WHAT TO WORK ON
Please write out the full listing beneath this line exactly, skipping its images.

DATA BLOCK

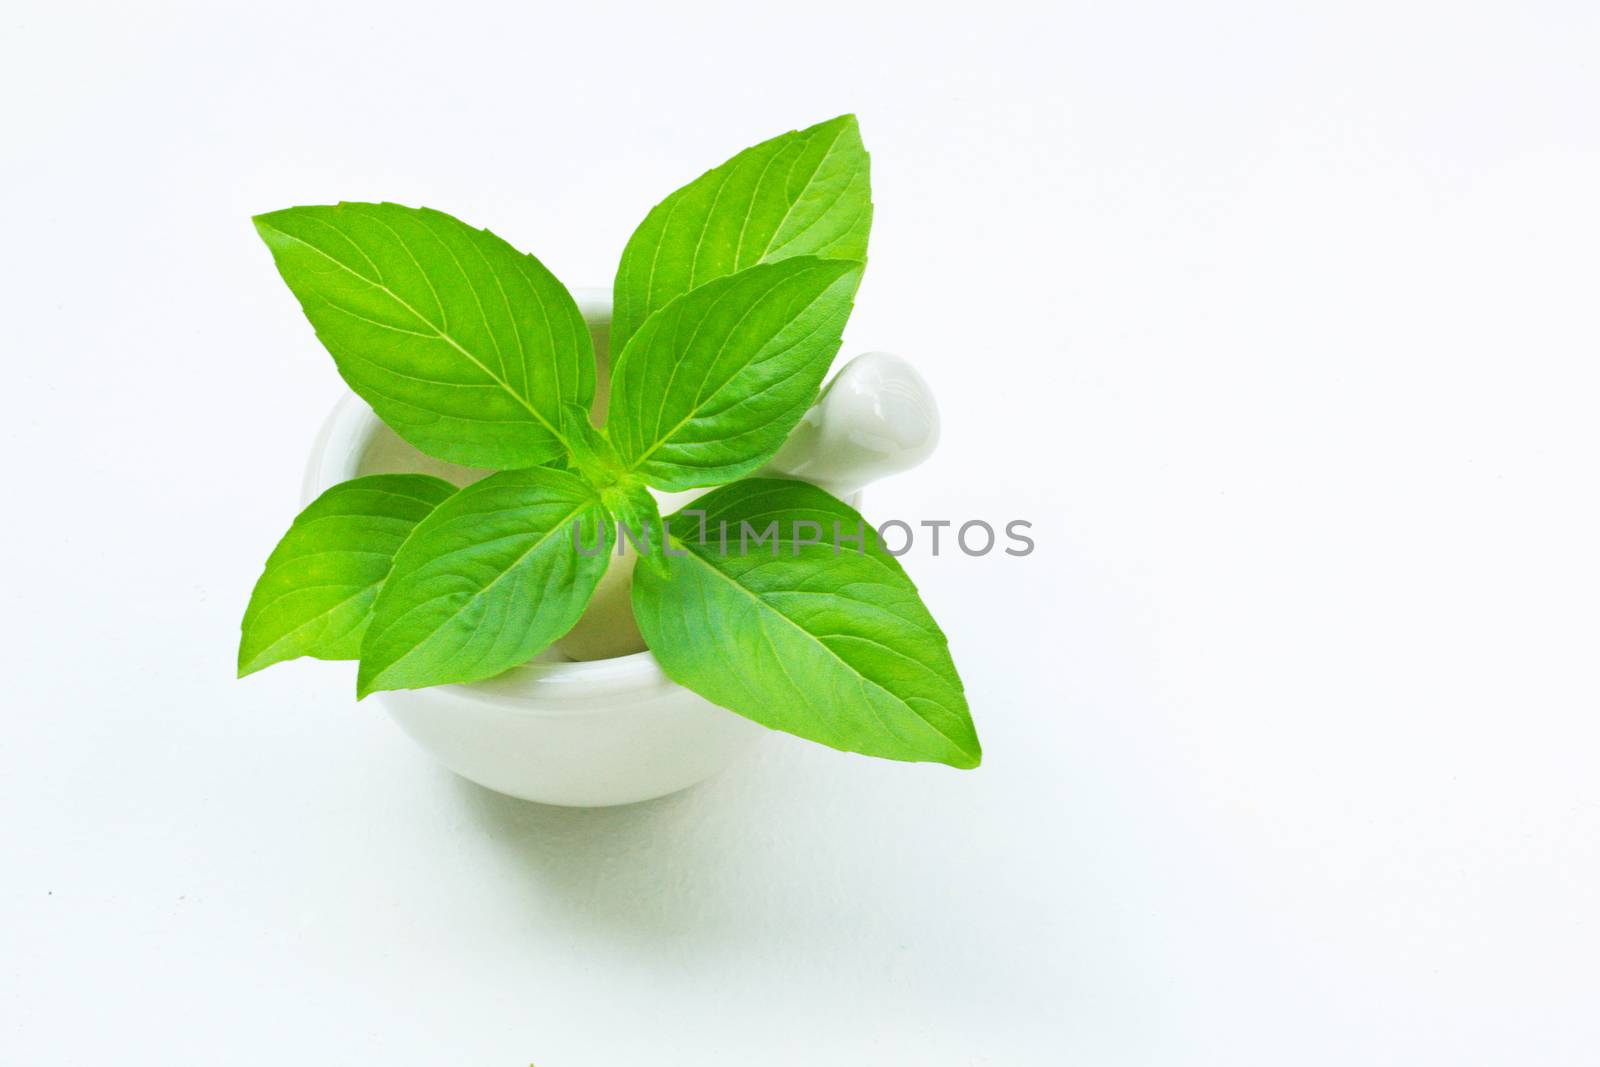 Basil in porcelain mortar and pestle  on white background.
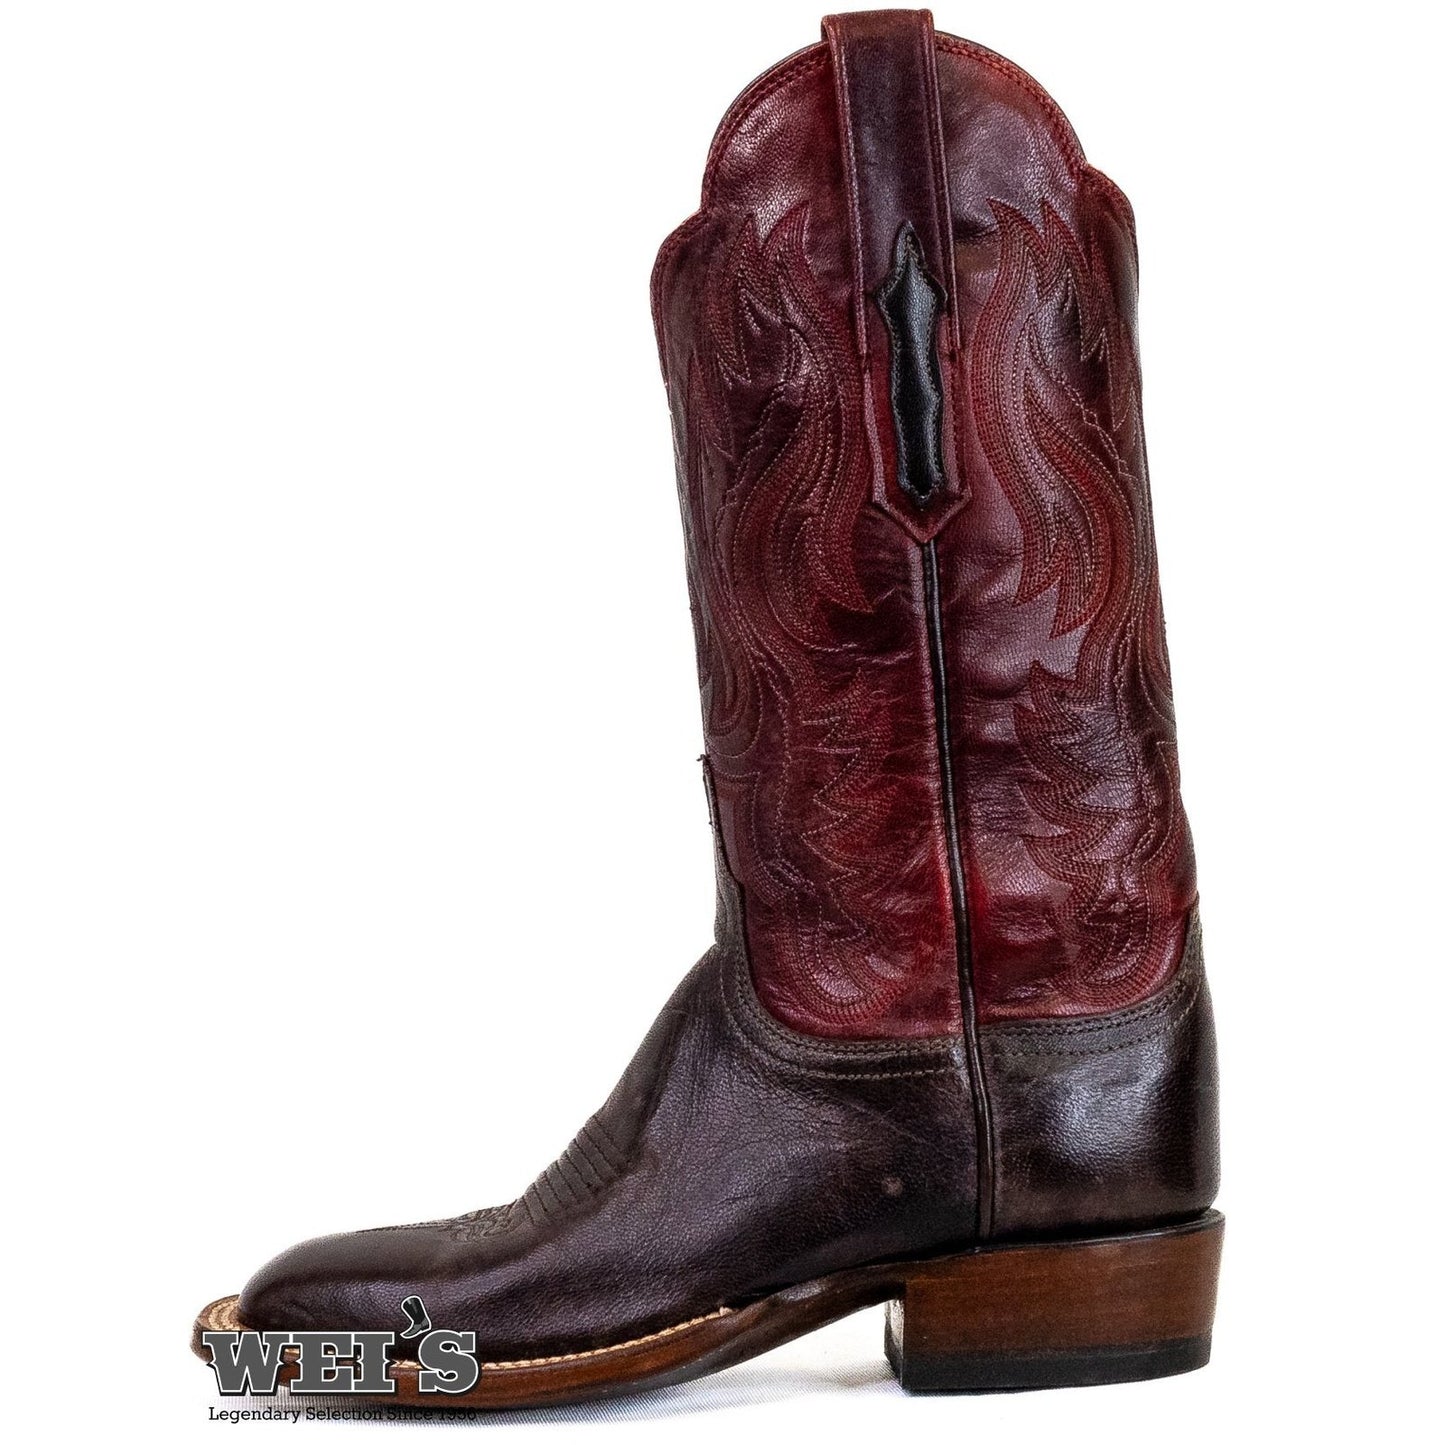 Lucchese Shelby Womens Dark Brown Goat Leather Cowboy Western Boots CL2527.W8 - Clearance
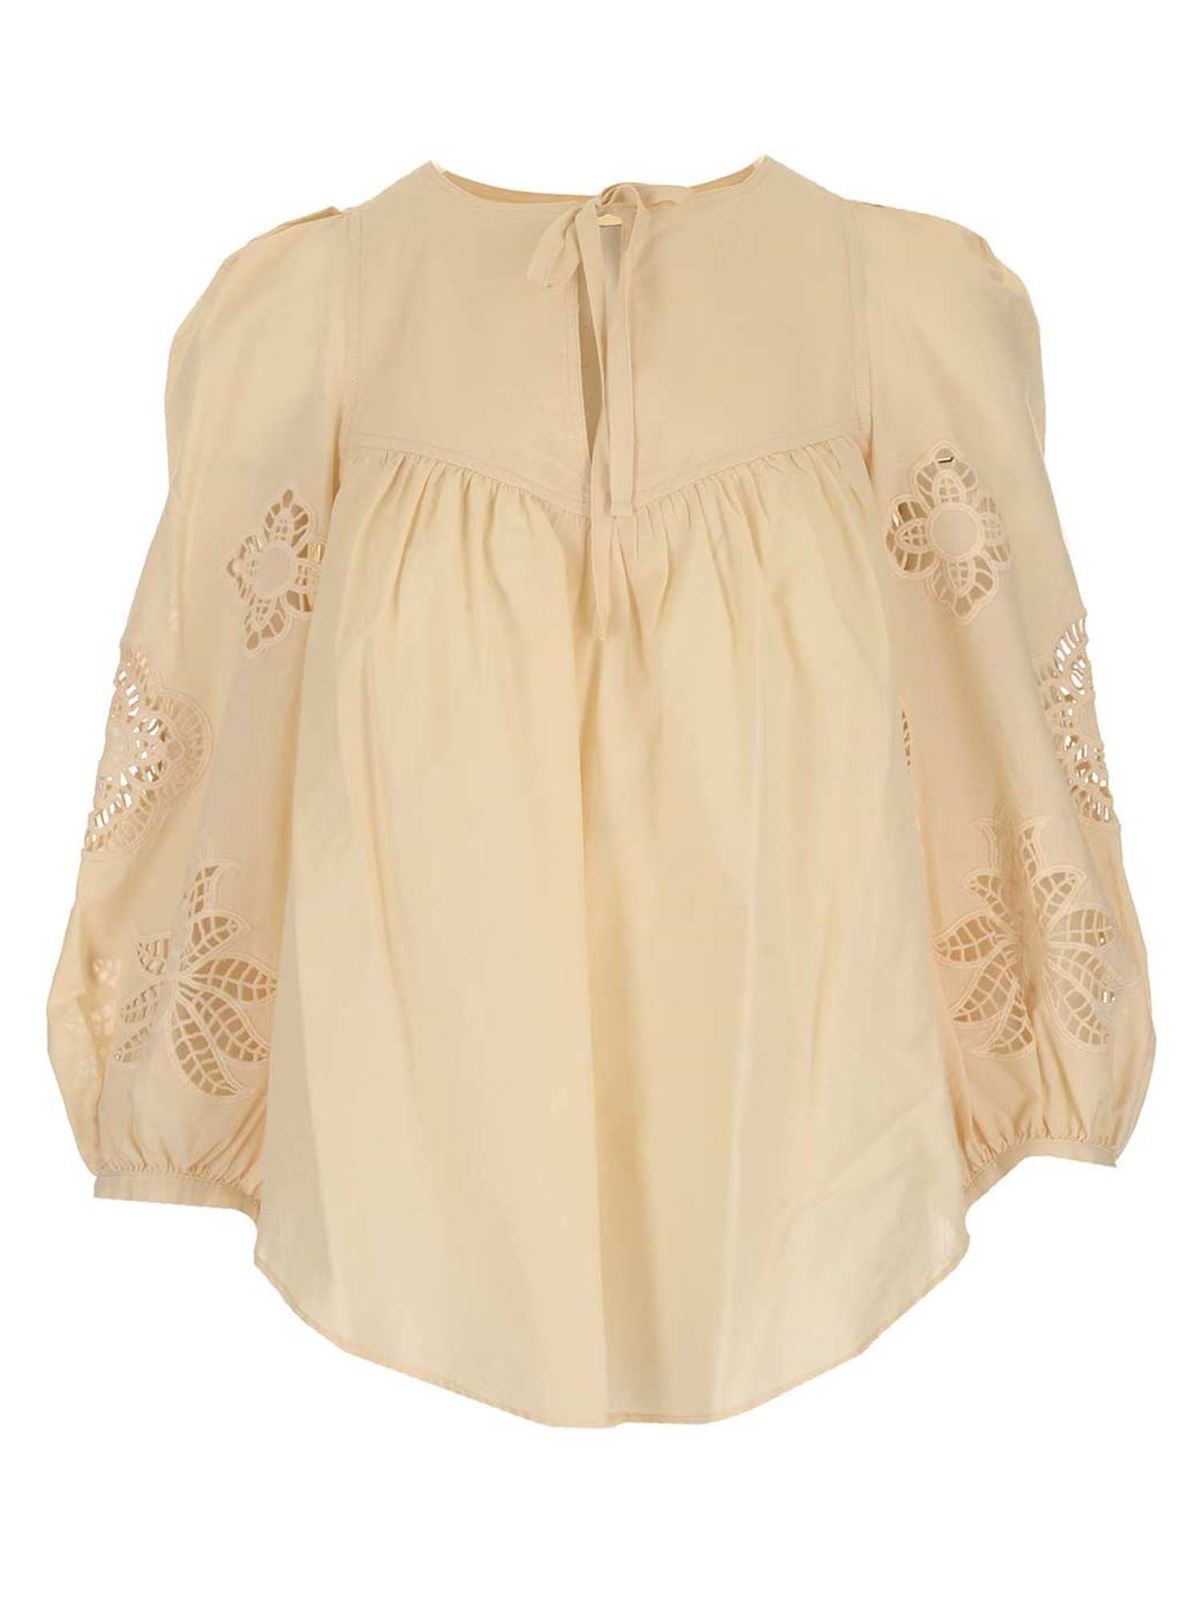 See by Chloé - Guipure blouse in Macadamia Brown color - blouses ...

RESPONSE
 Basil in porcelain mortar and pestle  on white background.
 Lucchese Shelby Womens Dark Brown Goat Leather Cowboy Western Boots CL2527.W8 - Clearance
 See by Chloé - Guipure blouse in Macadamia Brown color - blouses ...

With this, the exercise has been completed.